Police arrested him in 2005 right before he boarded a flight. He claimed he was “relieved”, since he possessed doubts on the trip to Iraq. At the court in 2008, Kouachi described himself as a “young kid,” but was 25-years-old at the time. He received a six-year sentence “for his part in the Buttes Chaumont network,” but only served three years. His reservations about terrorist attacks died in prison, where he met Djamel Beghal, al-Qaeda’s commander in France, and Amedy Coulibaly. The latter worked with Kouachi and his older brother Said to terrorize Paris, France over the course of three days in January.
The New York Times discovered numerous documents that show how the Kouachi brothers and Coulibaly managed to hide in public:
They shaved regularly, eschewing the conspicuous beards worn by many Islamists. They dressed in jeans and basketball sneakers, offering no outward hint of their plans or jihadist beliefs.
After at least one of the Kouachis traveled to Yemen in 2011, the United States alerted French authorities. But three years of tailing the brothers yielded nothing, and an oversight commission ruled that the surveillance was no longer productive, said Louis Caprioli, the deputy head of France’s domestic antiterror unit from 1998 to 2004.

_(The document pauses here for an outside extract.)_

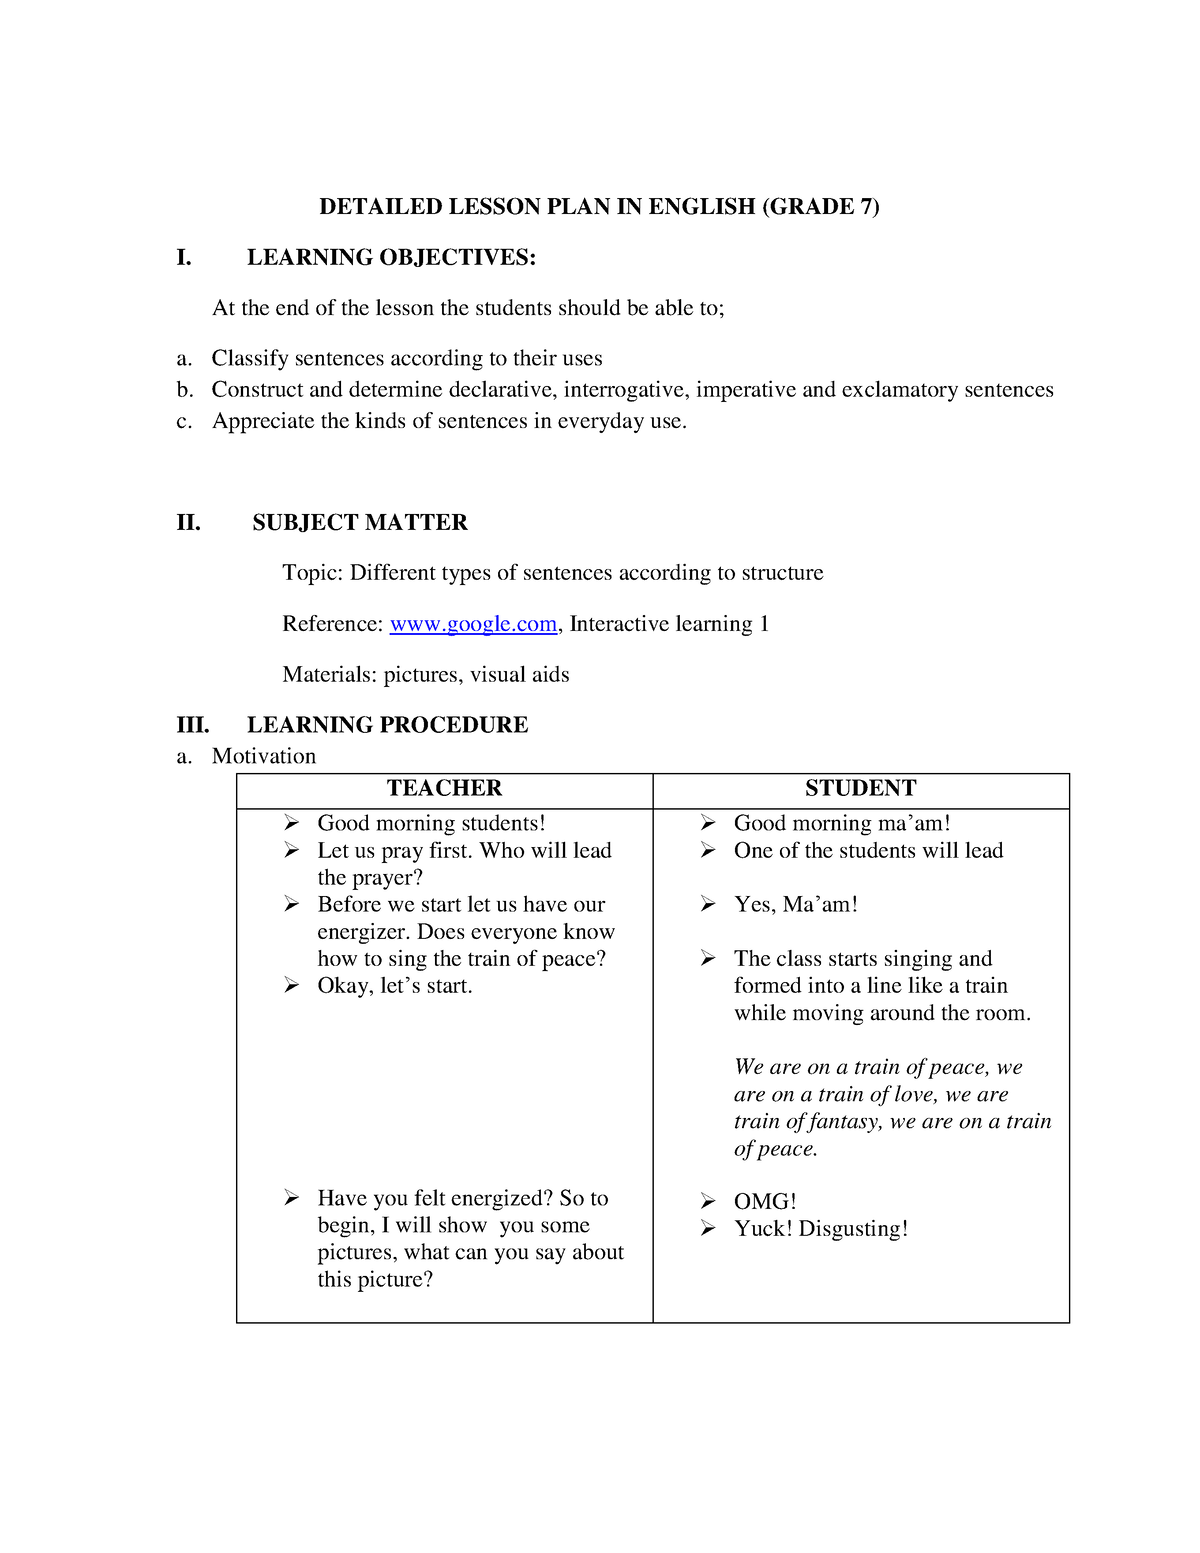 detailed-lesson-plan-in-english-grade-7-lesson-plan-for-grade-7-images

The brothers appeared so nonthreatening that surveillance was dropped in the middle of last year, he said, as hundreds of young Muslims cycled back and forth to Syria for jihad and French authorities shifted priorities.
On January 7, the Kouachi brothers slaughtered twelve people at the satirical newspaper’s headquarters in Paris, France over cartoons depicting Mohammed. Cherif’s mentor, Farid Benyettou, was arrested with him in 2005 but completed his sentence and since then has established a career in nursing. He treated some of the Charlie Hebdo victims and condemned the terrorist attack.
“I condemn what was done,” he said. “I want to send this message: Islam condemns everything that has been done – the cowardly and monstrous murder of journalists, of police officers and members of the Jewish community. That should not be attributed to Islam. It’s the worst crime that a Muslim could commit.”